Grey n' gloomy....
Monday, September 24, 2012
Yep, that's what it looks like outside today. Yuck.
Haven't done real well lately. Everything is good on the nutrition side, but I'm back to reaching for the cups of hot tea with milk and sugar to boost myself during the day. Gotta drink more water and open that new box of green tea just waiting in the cupboard.
My daughter brought me some "Cape Seed" dough from where she works. It's a really heavy wheat bread sweetened with golden raisins, dates, and has chia seeds which stay really crunchy when it's baked. I baked the dough off yesterday and had two rolls with butter, and did it without craving the bread...it was a concious decision. I knew I'd be feeling it later. And in the evening I had a little apple/custard tart. Again, it was a concious decision...not a craving. I knew I'd be feeling it. And I did. Big difference is that it wasn't a compulsion to eat those things. I did it knowingly and that makes all the difference. The rolls are still in the cupboard and will stay there til my son eats them.
Yesterday the daughter and I went for a long, slow stroll. We spied a lorikeet nest in a gum tree at the substation. Yay! Too far away to see if the loris had chicks, but I'm thinking I'll walk that way again today with the camera and see if I can get some good close-up photos. Exciting for me since I've never seen any kind of parrot nest before. Parrots nest in natural holes in trees.
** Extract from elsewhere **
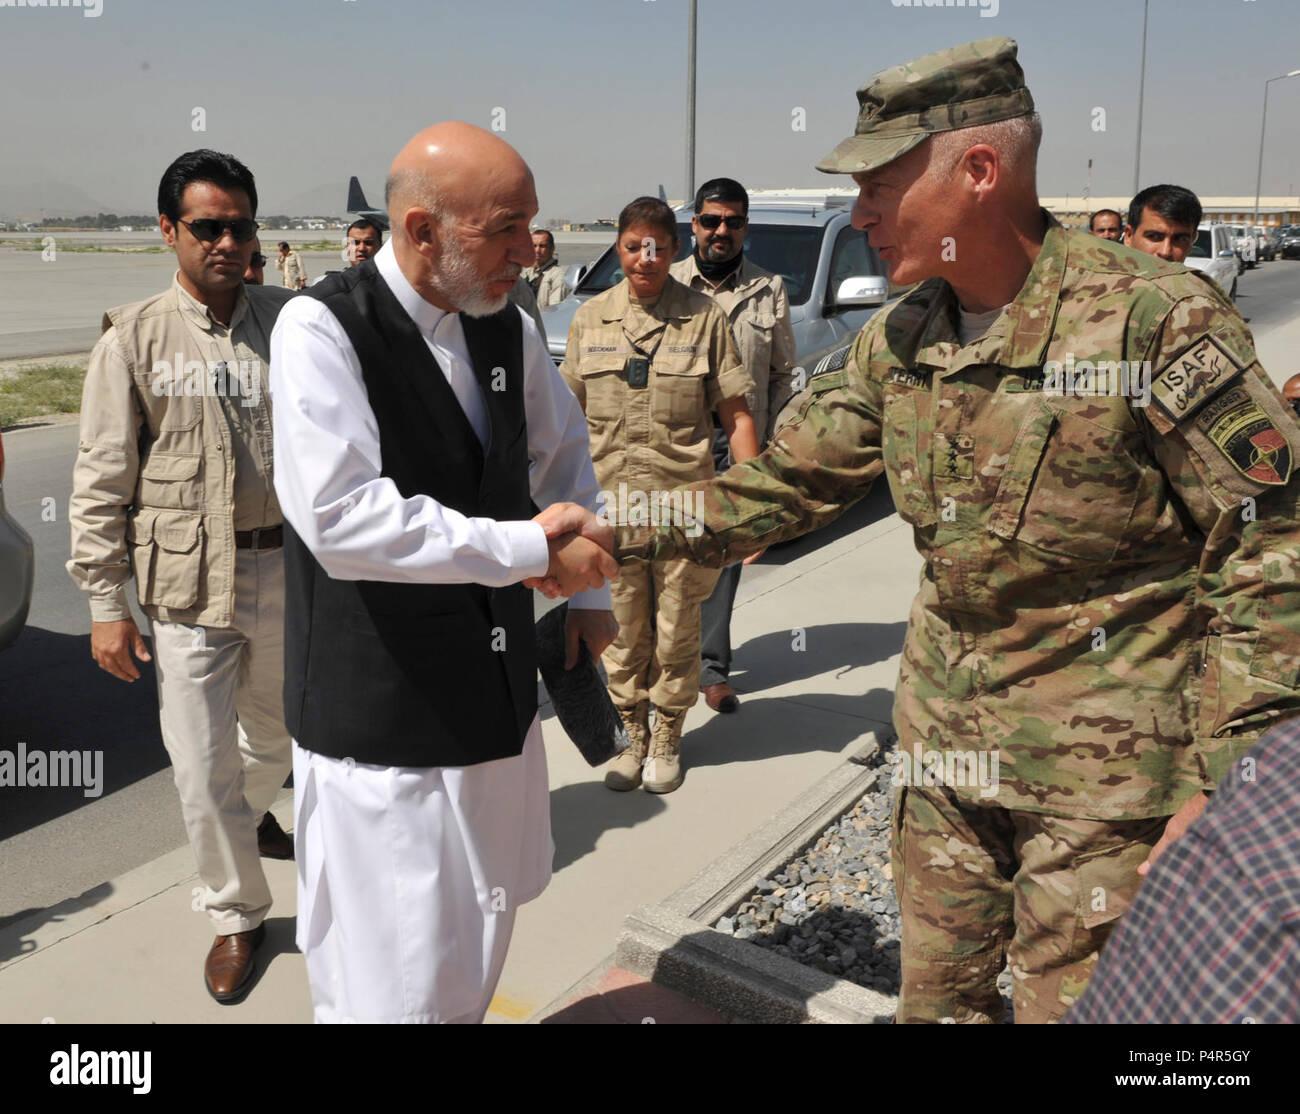 El Teniente General del Ejército estadounidense James L. Terry, derecha, el comandante de la Fuerza Internacional de Asistencia para la Seguridad del Comando Conjunto, saluda al Presidente afgano Hamid Karzai en la línea de vuelo en el aeropuerto internacional de Kabul en la provincia de Kabul, Afganistán, el 21 de agosto de 2012. Foto de stock

My little birdie is doing his best to grow. He's been ravenous the last two days and has put all that energy into growing true feathers. He's looking quite presentable these days. It'd be nice to know a birds' thought processes! Yesterday he did two long spells of flying back and forth between my head and my daughters' head. Just back and forth. Funny little creature. Now he's cheeping in my ear for some food so off I go.